- Aliabad-e Chahdegan Location within Iran
- Coordinates: 28°49′55″N 59°15′24″E﻿ / ﻿28.83194°N 59.25667°E
- Country: Iran
- Province: Kerman
- County: Fahraj
- District: Negin Kavir
- Rural District: Chahdegal

Population (2016)
- • Total: 450
- Time zone: UTC+3:30 (IRST)

= Aliabad-e Chahdegan =

Village in Kerman province, Iran

Aliabad-e Chahdegan (علی‌آباد چاهدگان) (Note: Also romanized as ‘Alīābād-e Chāhdegān; also known as ‘Alīābād and ‘Alīābād-e Chāhdegāl (علی‌آباد چاهدگال)) is a village in Chahdegal Rural District of Negin Kavir District, Fahraj County, Kerman province, Iran.

==Demographics==
===Population===
At the time of the 2006 National Census, the village's population was 775 in 171 households, when it was in the former Rigan District of Bam County.

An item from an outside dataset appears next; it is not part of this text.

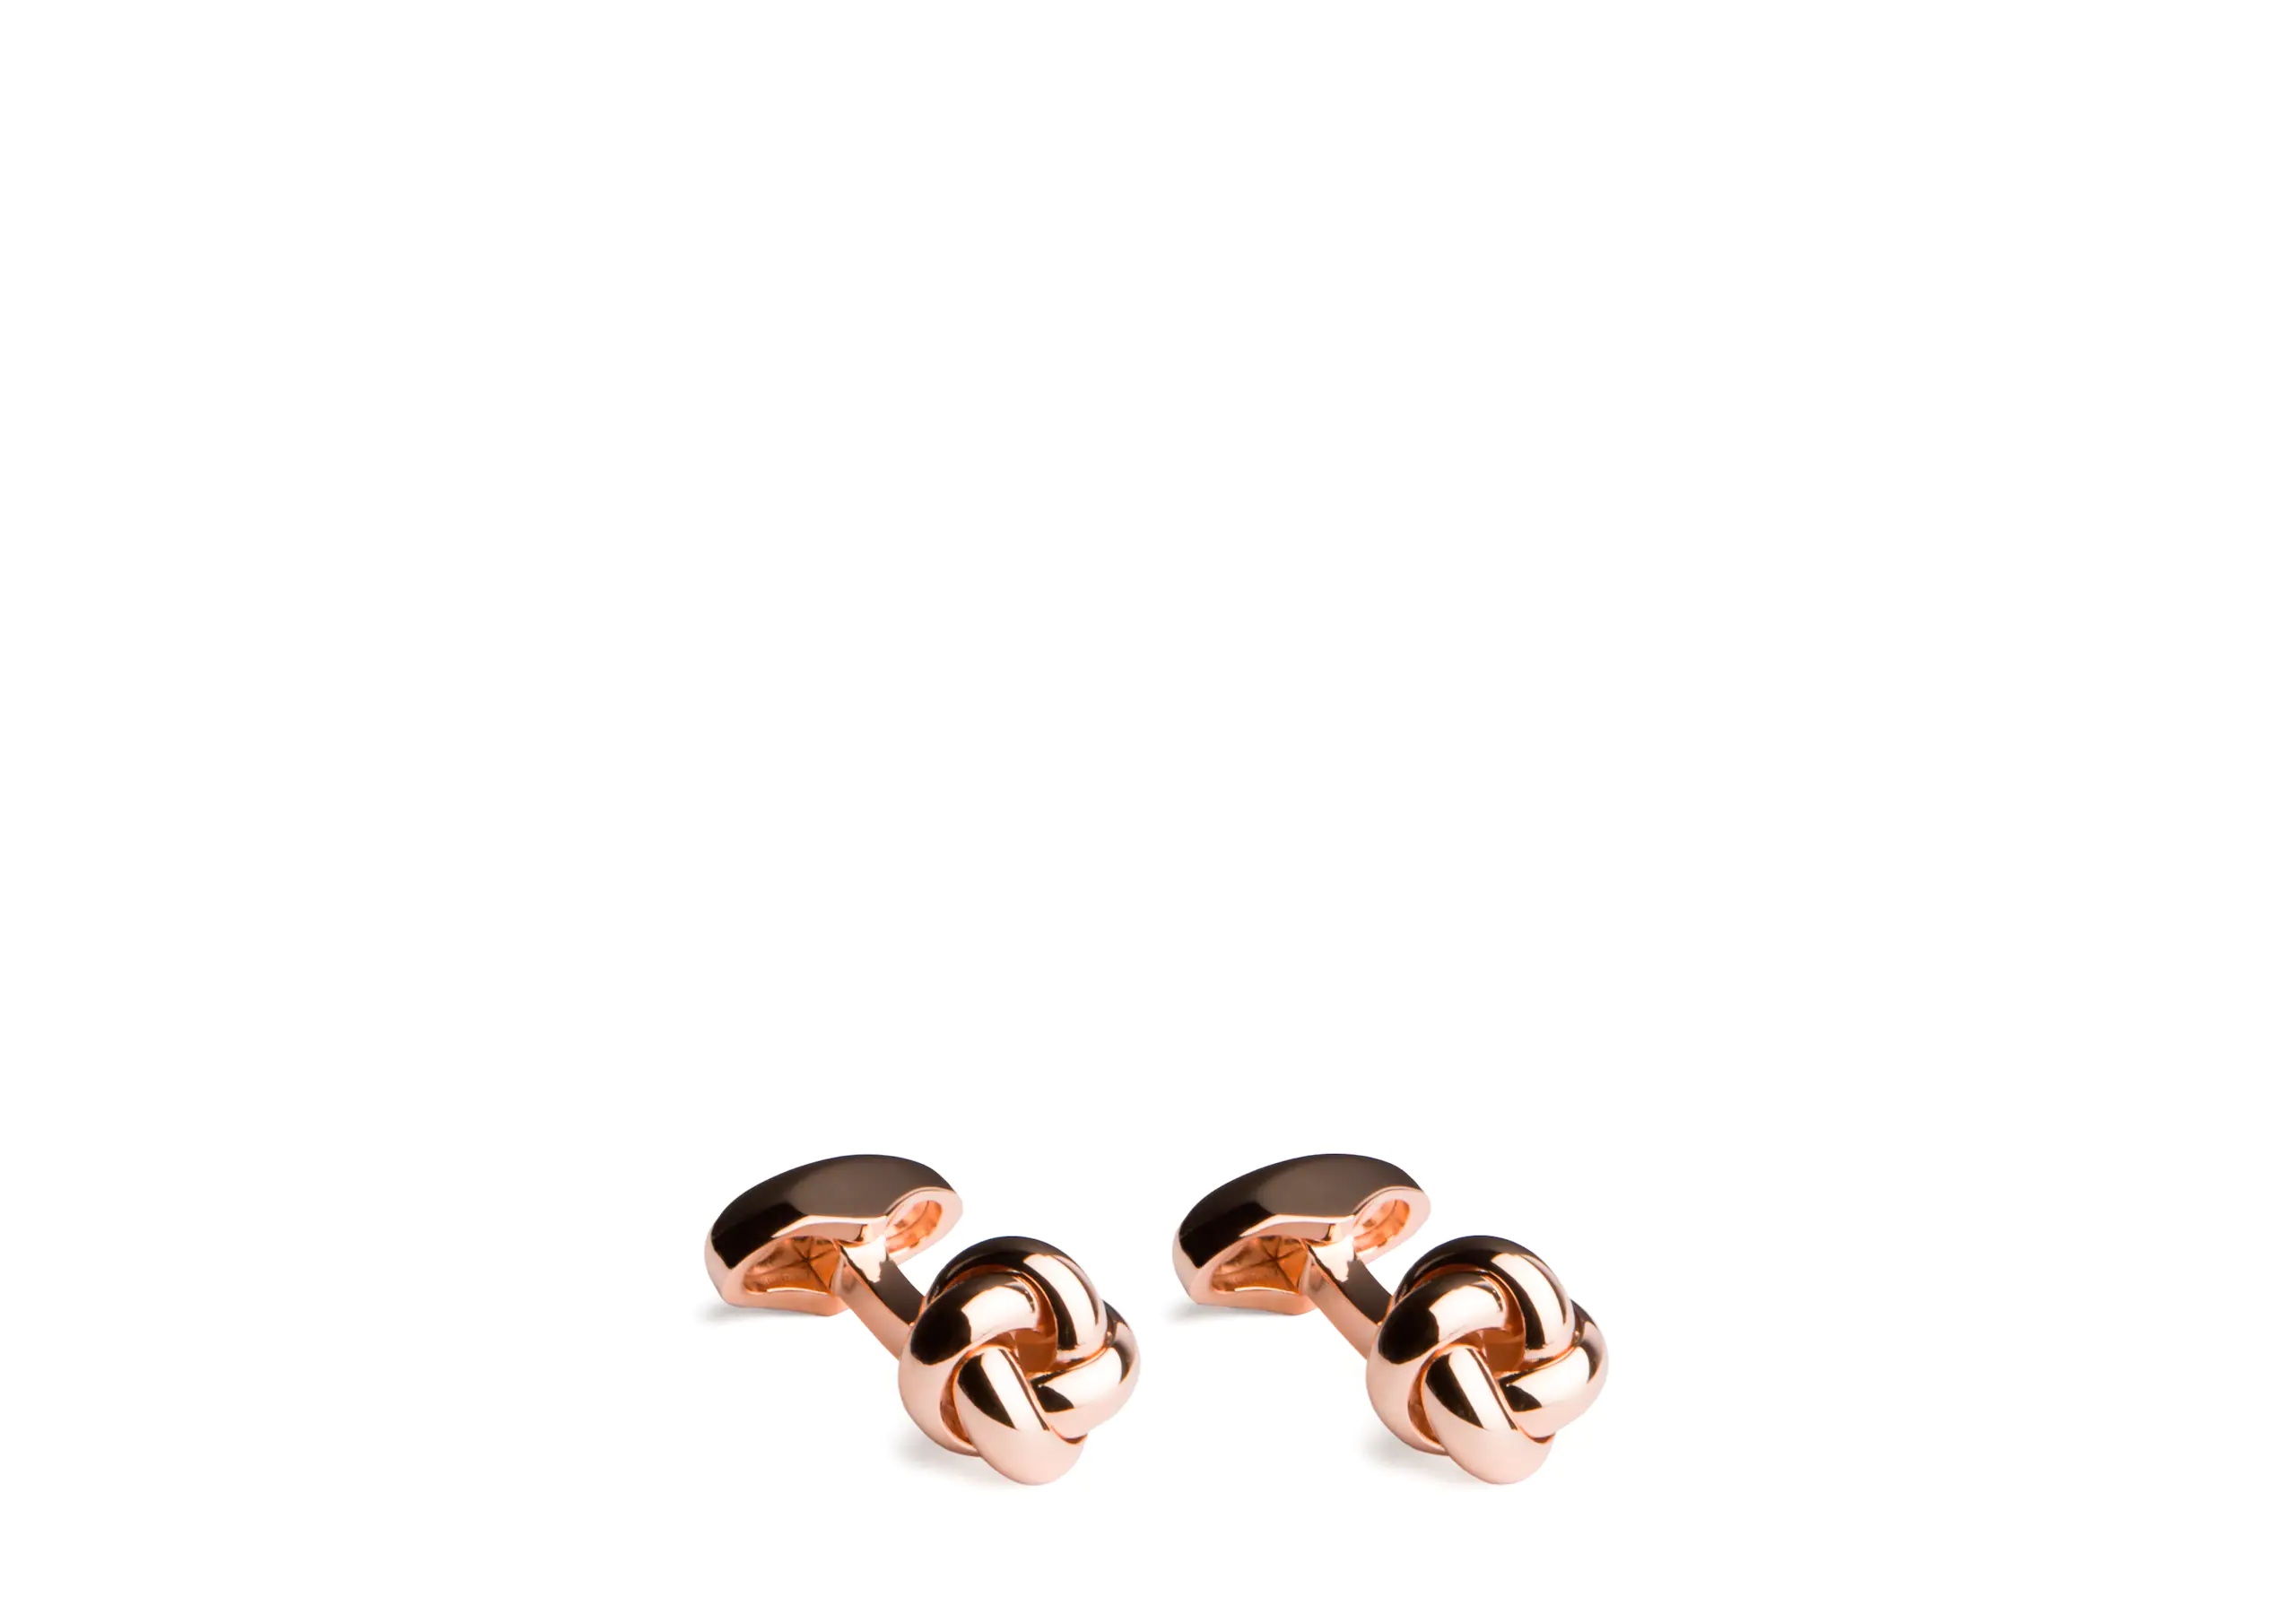 Knotted cufflink
Rhodium Plated Knot Rose gold - 1

The following census in 2011 counted 670 people in 151 households, by which time the rural district had been separated from the county in the establishment of Fahraj County. The rural district was transferred to the new Negin Kavir District. The 2016 census measured the population of the village as 450 people in 116 households. It was the most populous village in its rural district.